通过XSLT将XML文档转换为包含其属性和数据的CSV

时间:2014-07-29 10:04:00

标签: xml csv xslt

我想知道如何通过使用XSLT将XML文档转换为关于其属性值的CSV格式?

提前致谢。

这是我的XML文档:

<?xml version="1.0"?>
<catalog>
   <book id="bk101">
      <author>Gambardella, Matthew</author>
      <title>XML Developer's Guide</title>
      <genre>Computer</genre>
      <price>44.95</price>
      <publish_date>2000-10-01</publish_date>
      <description>An in-depth look at creating applications 
      with XML.</description>
   </book>
   <book id="bk102">
      <author>Ralls, Kim</author>
      <title>Midnight Rain</title>
      <genre>Fantasy</genre>
      <price>5.95</price>
      <publish_date>2000-12-16</publish_date>
      <description>A former architect battles corporate zombies, 
      an evil sorceress, and her own childhood to become queen 
      of the world.</description>
   </book>
   <book id="bk103">
      <author>Corets, Eva</author>
      <title>Maeve Ascendant</title>
      <genre>Fantasy</genre>
      <price>5.95</price>
      <publish_date>2000-11-17</publish_date>
      <description>After the collapse of a nanotechnology 
      society in England, the young survivors lay the 
      foundation for a new society.</description>
   </book>
   <book id="bk104">
      <author>Corets, Eva</author>
      <title>Oberon's Legacy</title>
      <genre>Fantasy</genre>
      <price>5.95</price>
      <publish_date>2001-03-10</publish_date>
      <description>In post-apocalypse England, the mysterious 
      agent known only as Oberon helps to create a new life 
      for the inhabitants of London.

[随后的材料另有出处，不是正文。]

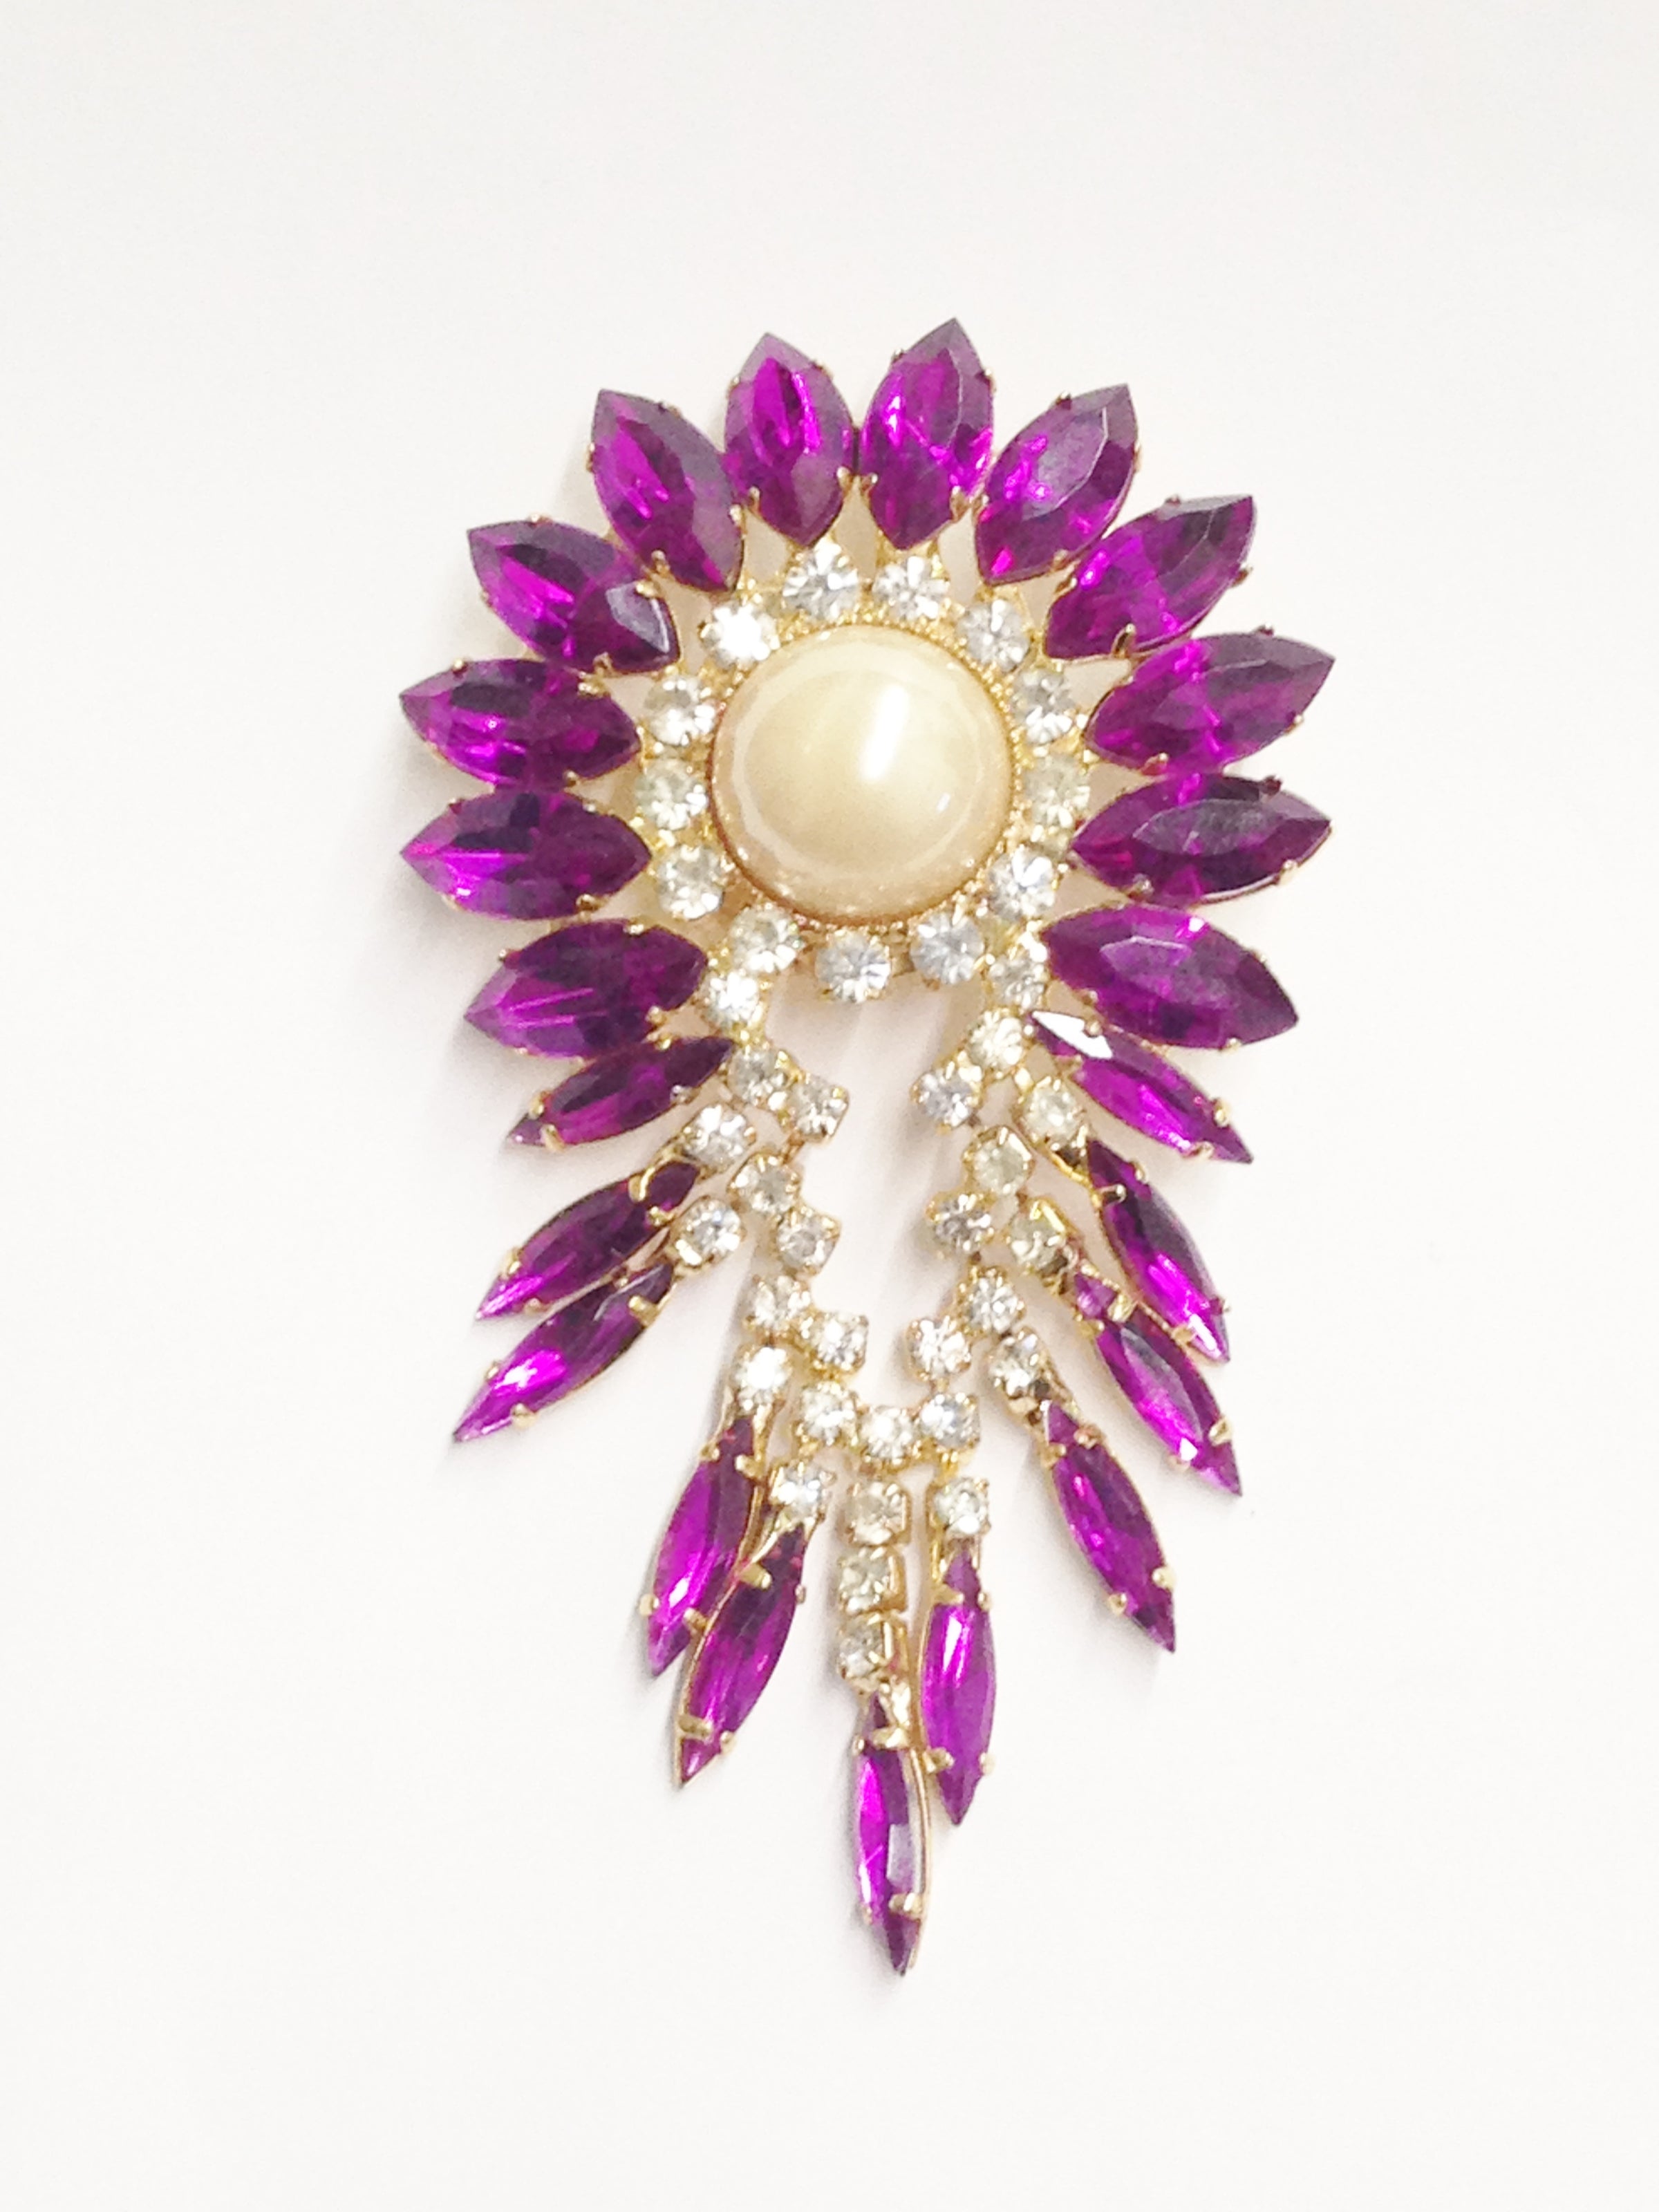 Dangling Purple Rhinestone Brooch Pin With Clear Rhinestones and Faux Pearl Center www.hersandhistreasures.com

Sequel to Maeve 
      Ascendant.</description>
   </book>
   <book id="bk105">
      <author>Corets, Eva</author>
      <title>The Sundered Grail</title>
      <genre>Fantasy</genre>
      <price>5.95</price>
      <publish_date>2001-09-10</publish_date>
      <description>The two daughters of Maeve, half-sisters, 
      battle one another for control of England. Sequel to 
      Oberon's Legacy.</description>
   </book>
   <book id="bk106">
      <author>Randall, Cynthia</author>
      <title>Lover Birds</title>
      <genre>Romance</genre>
      <price>4.95</price>
      <publish_date>2000-09-02</publish_date>
      <description>When Carla meets Paul at an ornithology 
      conference, tempers fly as feathers get ruffled.</description>
   </book>
   <book id="bk107">
      <author>Thurman, Paula</author>
      <title>Splish Splash</title>
      <genre>Romance</genre>
      <price>4.95</price>
      <publish_date>2000-11-02</publish_date>
      <description>A deep sea diver finds true love twenty 
      thousand leagues beneath the sea.</description>
   </book>
   <book id="bk108">
      <author>Knorr, Stefan</author>
      <title>Creepy Crawlies</title>
      <genre>Horror</genre>
      <price>4.95</price>
      <publish_date>2000-12-06</publish_date>
      <description>An anthology of horror stories about roaches,
      centipedes, scorpions  and other insects.</description>
   </book>
   <book id="bk109">
      <author>Kress, Peter</author>
      <title>Paradox Lost</title>
      <genre>Science Fiction</genre>
      <price>6.95</price>
      <publish_date>2000-11-02</publish_date>
      <description>After an inadvertant trip through a Heisenberg
      Uncertainty Device, James Salway discovers the problems 
      of being quantum.</description>
   </book>
   <book id="bk110">
      <author>O'Brien, Tim</author>
      <title>Microsoft .NET: The Programming Bible</title>
      <genre>Computer</genre>
      <price>36.95</price>
      <publish_date>2000-12-09</publish_date>
      <description>Microsoft's .NET initiative is explored in 
      detail in this deep programmer's reference.</description>
   </book>
   <book id="bk111">
      <author>O'Brien, Tim</author>
      <title>MSXML3: A Comprehensive Guide</title>
      <genre>Computer</genre>
      <price>36.95</price>
      <publish_date>2000-12-01</publish_date>
      <description>The Microsoft MSXML3 parser is covered in 
      detail, with attention to XML DOM interfaces, XSLT processing, 
      SAX and more.</description>
   </book>
   <book id="bk112">
      <author>Galos, Mike</author>
      <title>Visual Studio 7: A Comprehensive Guide</title>
      <genre>Computer</genre>
      <price>49.95</price>
      <publish_date>2001-04-16</publish_date>
      <description>Microsoft Visual Studio 7 is explored in depth,
      looking at how Visual Basic, Visual C++, C#, and ASP+ are 
      integrated into a comprehensive development 
      environment.</description>
   </book>
</catalog>

从第一个子元素开始所有元素&#39;如果需要通过分隔逗号打印值及其属性

2 个答案:

答案 0 :(得分:2)

虽然mhawke的答案很好,但它不是很灵活。例如,如果你想标准化值的空间(我想你想要那个,因为你当前的输入,字段将跨越多行,这通常不支持CSV),你必须包装每一个领域。此外,如果您引入新字段,则必须更改样式表。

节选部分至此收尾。